AIM OF THE TASK:
In the listing below, find the line with "さて、隠した木の実、すべて探せるでしょうか!?" and the line with "Karen Millen \N dress for Women 40 IT". Repeat those two lines and all lines between them exactly.

INPUT MATERIAL:
---+---
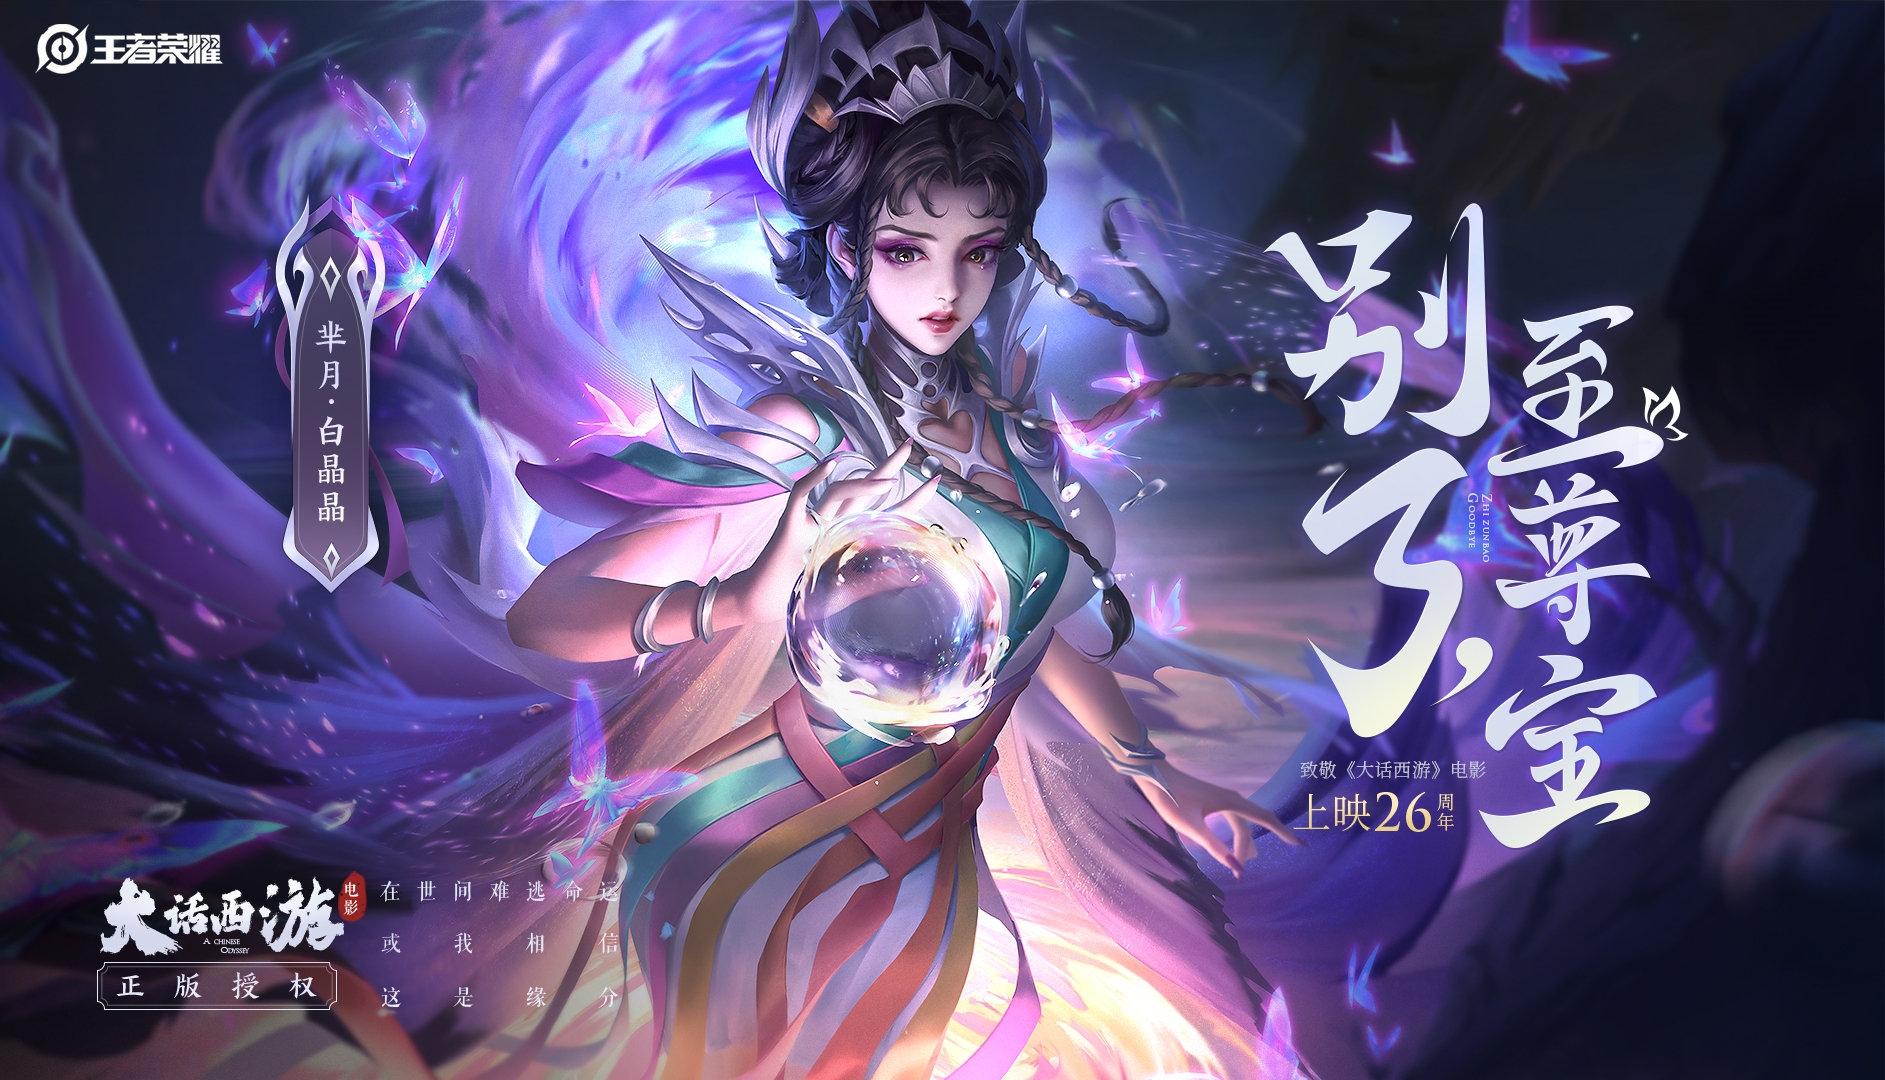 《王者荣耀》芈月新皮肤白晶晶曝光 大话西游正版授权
---+---
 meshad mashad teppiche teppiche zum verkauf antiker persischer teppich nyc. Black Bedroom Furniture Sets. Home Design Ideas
---+---
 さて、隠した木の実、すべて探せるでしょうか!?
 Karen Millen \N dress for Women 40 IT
---+---
SOLUTION FOR THIS EXERCISE:
 さて、隠した木の実、すべて探せるでしょうか!?
 Karen Millen \N dress for Women 40 IT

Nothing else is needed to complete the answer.